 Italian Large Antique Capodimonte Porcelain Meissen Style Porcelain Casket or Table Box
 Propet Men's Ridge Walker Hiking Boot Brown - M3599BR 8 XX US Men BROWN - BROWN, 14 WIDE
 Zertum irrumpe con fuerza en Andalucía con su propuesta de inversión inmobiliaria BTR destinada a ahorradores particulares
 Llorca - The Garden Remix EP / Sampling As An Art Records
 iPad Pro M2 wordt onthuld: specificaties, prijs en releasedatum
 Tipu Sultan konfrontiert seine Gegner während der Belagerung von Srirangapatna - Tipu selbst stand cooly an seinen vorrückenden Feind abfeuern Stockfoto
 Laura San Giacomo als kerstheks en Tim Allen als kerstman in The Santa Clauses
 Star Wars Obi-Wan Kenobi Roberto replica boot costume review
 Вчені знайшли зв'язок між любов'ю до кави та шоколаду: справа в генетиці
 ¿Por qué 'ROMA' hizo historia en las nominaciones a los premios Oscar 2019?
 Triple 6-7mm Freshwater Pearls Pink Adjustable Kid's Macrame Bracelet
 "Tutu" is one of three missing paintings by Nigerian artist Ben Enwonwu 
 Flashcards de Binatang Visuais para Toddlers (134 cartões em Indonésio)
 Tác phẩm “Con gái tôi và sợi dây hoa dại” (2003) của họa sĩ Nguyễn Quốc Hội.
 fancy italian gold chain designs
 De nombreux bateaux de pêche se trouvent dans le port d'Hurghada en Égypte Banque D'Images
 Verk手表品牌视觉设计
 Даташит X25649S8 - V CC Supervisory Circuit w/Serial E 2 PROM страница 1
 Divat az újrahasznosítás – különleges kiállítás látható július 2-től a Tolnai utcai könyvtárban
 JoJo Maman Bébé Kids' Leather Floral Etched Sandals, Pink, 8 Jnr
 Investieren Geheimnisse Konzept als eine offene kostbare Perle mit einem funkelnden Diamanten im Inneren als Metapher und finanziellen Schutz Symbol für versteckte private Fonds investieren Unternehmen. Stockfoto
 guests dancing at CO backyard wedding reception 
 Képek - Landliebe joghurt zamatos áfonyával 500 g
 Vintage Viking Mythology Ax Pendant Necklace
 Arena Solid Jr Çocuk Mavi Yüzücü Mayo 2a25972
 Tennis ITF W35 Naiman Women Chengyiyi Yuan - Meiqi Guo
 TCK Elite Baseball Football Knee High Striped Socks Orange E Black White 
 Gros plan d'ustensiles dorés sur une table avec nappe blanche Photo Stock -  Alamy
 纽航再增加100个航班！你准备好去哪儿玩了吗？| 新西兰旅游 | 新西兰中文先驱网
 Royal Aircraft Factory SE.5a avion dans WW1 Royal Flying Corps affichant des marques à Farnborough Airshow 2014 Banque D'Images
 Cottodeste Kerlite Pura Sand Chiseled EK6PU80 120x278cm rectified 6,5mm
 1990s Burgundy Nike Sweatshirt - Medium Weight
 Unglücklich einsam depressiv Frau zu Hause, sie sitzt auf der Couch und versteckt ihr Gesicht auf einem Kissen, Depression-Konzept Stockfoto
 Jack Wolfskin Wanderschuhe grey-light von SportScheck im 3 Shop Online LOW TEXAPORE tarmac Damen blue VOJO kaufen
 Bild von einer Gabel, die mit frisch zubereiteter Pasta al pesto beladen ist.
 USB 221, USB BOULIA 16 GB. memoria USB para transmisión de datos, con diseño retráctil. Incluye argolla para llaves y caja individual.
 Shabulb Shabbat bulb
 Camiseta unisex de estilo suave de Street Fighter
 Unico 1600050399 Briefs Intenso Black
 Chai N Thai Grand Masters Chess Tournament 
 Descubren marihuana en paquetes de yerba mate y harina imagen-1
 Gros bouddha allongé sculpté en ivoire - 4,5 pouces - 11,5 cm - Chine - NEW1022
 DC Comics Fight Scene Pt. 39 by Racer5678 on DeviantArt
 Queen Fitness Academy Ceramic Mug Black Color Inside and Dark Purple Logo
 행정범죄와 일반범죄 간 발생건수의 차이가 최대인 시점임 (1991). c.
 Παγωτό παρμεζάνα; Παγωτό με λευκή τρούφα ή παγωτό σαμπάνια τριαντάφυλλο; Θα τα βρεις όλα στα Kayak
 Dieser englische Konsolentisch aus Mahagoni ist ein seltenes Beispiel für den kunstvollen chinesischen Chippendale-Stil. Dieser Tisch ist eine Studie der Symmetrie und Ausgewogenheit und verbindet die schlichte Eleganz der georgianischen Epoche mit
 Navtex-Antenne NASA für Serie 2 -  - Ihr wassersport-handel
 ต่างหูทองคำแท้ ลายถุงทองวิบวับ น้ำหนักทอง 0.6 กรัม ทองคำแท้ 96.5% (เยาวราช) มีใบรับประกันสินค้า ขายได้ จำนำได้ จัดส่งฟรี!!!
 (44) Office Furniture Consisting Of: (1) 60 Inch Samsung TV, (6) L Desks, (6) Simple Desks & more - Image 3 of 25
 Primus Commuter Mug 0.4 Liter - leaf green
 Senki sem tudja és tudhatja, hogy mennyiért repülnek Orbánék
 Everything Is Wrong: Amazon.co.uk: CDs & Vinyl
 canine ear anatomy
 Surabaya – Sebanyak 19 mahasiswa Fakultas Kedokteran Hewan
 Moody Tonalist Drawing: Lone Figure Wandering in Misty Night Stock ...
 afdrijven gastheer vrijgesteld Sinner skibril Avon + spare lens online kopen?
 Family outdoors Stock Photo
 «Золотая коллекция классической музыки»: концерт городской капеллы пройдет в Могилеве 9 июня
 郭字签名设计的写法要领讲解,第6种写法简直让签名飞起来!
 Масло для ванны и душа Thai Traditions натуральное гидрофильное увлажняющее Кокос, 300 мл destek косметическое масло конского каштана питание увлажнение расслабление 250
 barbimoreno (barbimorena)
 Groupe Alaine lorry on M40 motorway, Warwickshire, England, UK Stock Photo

* **THE PROBLEM**:
Using the data above, reproduce exactly the lines from the line that contains "artist Ben Enwonwu" through the line that contains "TCK Elite Baseball", including both.

* **ANSWER SPACE**:
 "Tutu" is one of three missing paintings by Nigerian artist Ben Enwonwu 
 Flashcards de Binatang Visuais para Toddlers (134 cartões em Indonésio)
 Tác phẩm “Con gái tôi và sợi dây hoa dại” (2003) của họa sĩ Nguyễn Quốc Hội.
 fancy italian gold chain designs
 De nombreux bateaux de pêche se trouvent dans le port d'Hurghada en Égypte Banque D'Images
 Verk手表品牌视觉设计
 Даташит X25649S8 - V CC Supervisory Circuit w/Serial E 2 PROM страница 1
 Divat az újrahasznosítás – különleges kiállítás látható július 2-től a Tolnai utcai könyvtárban
 JoJo Maman Bébé Kids' Leather Floral Etched Sandals, Pink, 8 Jnr
 Investieren Geheimnisse Konzept als eine offene kostbare Perle mit einem funkelnden Diamanten im Inneren als Metapher und finanziellen Schutz Symbol für versteckte private Fonds investieren Unternehmen. Stockfoto
 guests dancing at CO backyard wedding reception 
 Képek - Landliebe joghurt zamatos áfonyával 500 g
 Vintage Viking Mythology Ax Pendant Necklace
 Arena Solid Jr Çocuk Mavi Yüzücü Mayo 2a25972
 Tennis ITF W35 Naiman Women Chengyiyi Yuan - Meiqi Guo
 TCK Elite Baseball Football Knee High Striped Socks Orange E Black White 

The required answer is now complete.